I've just found this issue: https://github.com/ckan/ckan/issues/4295

I didn't know about /etc/jetty9/start.ini, I've just looked and this is the default:

default) ckan@ckan:~$ more /etc/jetty9/start.ini 
#------------------------------------------------------------------------------
#
# Jetty Startup Configuration
#
# This file contains the default settings for Jetty and configures a basic
# Servlet container with JSP and WebSocket enabled.

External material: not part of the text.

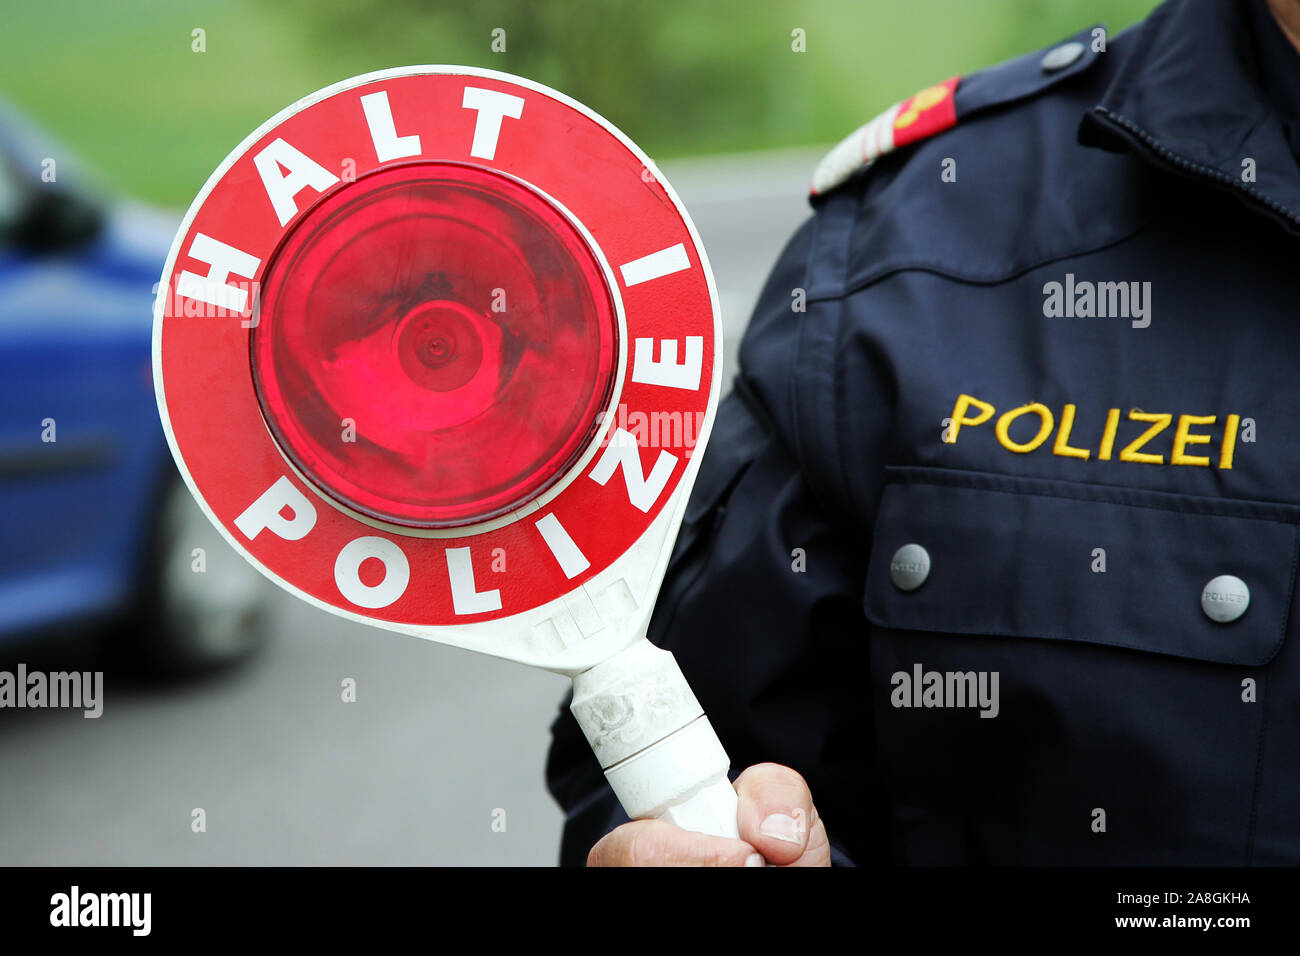 Halt Polizei, Polizist mit Polizeikelle Stock Photo - Alamy
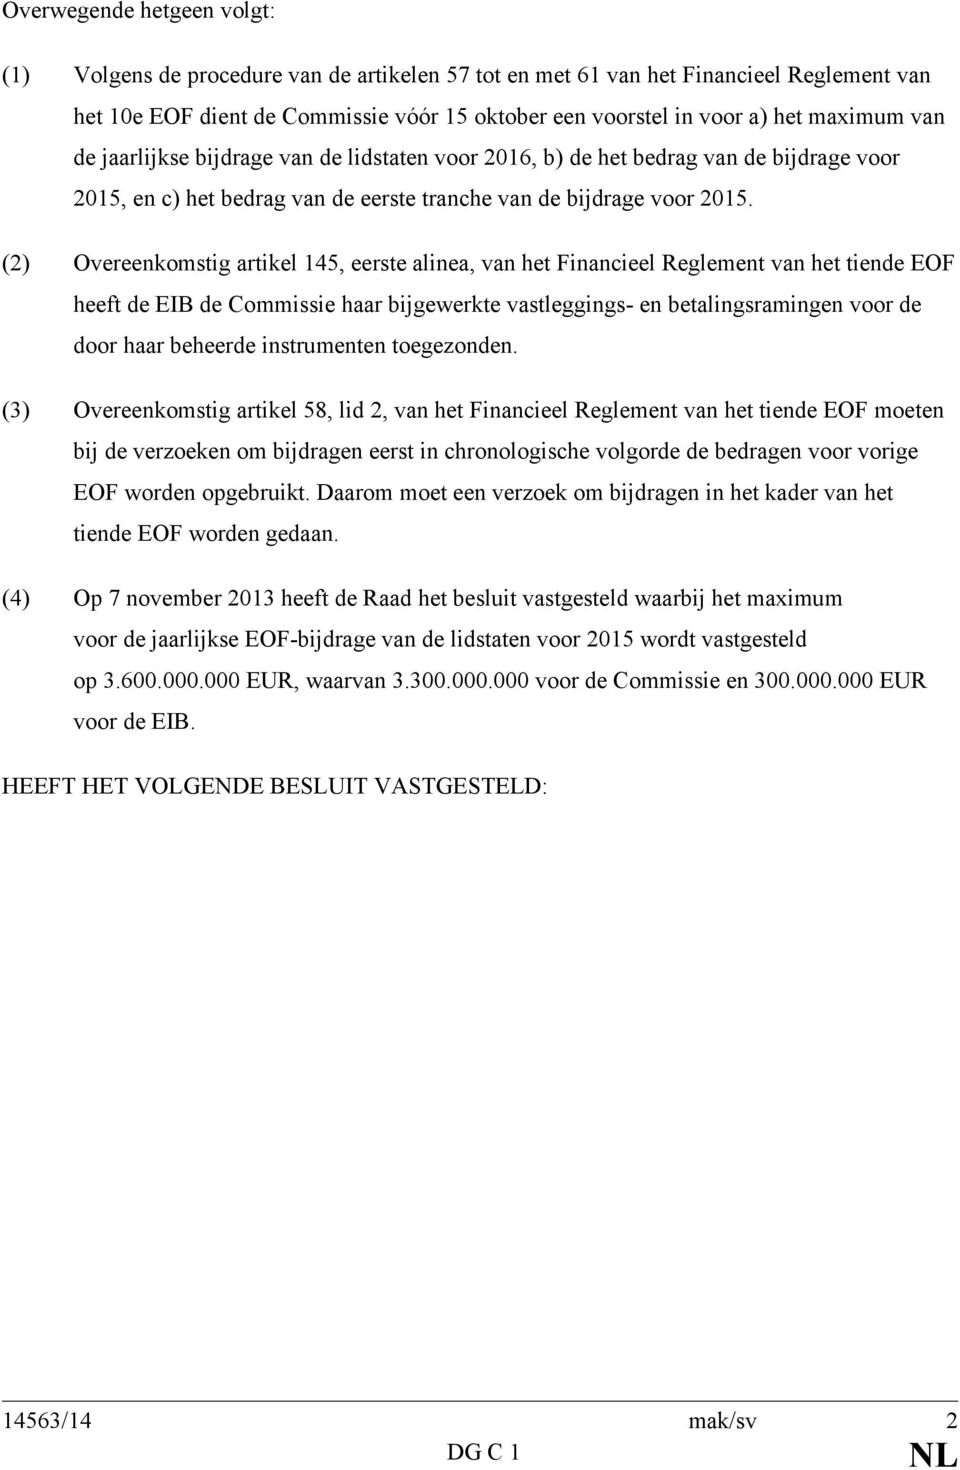 (2) Overeenkomstig artikel 145, eerste alinea, van het Financieel Reglement van het tiende EOF heeft de EIB de Commissie haar bijgewerkte vastleggings- en betalingsramingen voor de door haar beheerde

Customized settings can
# be added to .ini files in the /etc/jetty9/start.d directory to avoid
# conflicts when updating the package.
#
#------------------------------------------------------------------------------

--module=deploy,http,jsp,jstl,websocket,ext,resources

##
## HTTP Connector Configuration
##

# What host to listen on (leave commented to listen on all interfaces)
#jetty.host=myhost.com

# HTTP port to listen on
# Enable authbind in /etc/default/jetty9 to use a port lower than 1024
jetty.port=8080

# HTTP idle timeout in milliseconds
http.timeout=30000

##
## Server Threading Configuration
##

# minimum number of threads
threads.min=10

# maximum number of threads
threads.max=200

# thread idle timeout in milliseconds
threads.timeout=60000

I changed jetty.port=8080 to jetty.port=8983 and restarted.

Success!

(default) ckan@ckan:~$ curl http://localhost:8983/solr/ -Is
HTTP/1.1 200 OK
Content-Type: text/html
Set-Cookie: JSESSIONID=node0zruloi0vn4ruayd8i0cinfs92.node0;Path=/solr
Expires: Thu, 01 Jan 1970 00:00:00 GMT
Content-Length: 446
Server: Jetty(9.4.15.v20190215)

I'm not sure how @kowh-ai managed to get it working without editing this file? (and I can't see it mentioned in https://github.com/vrk-kpa/opendata/pull/506/files or https://github.com/ckan/ckan/issues/4762). Was there a change in a minor version upgrade in jetty9 about where the port should be specified?

kowh-ai commented 4 years ago

@wood-chris - oh yes I had to update this file for jetty to listen on 127.0.0.1:8983 - apologies if I didn't mention this!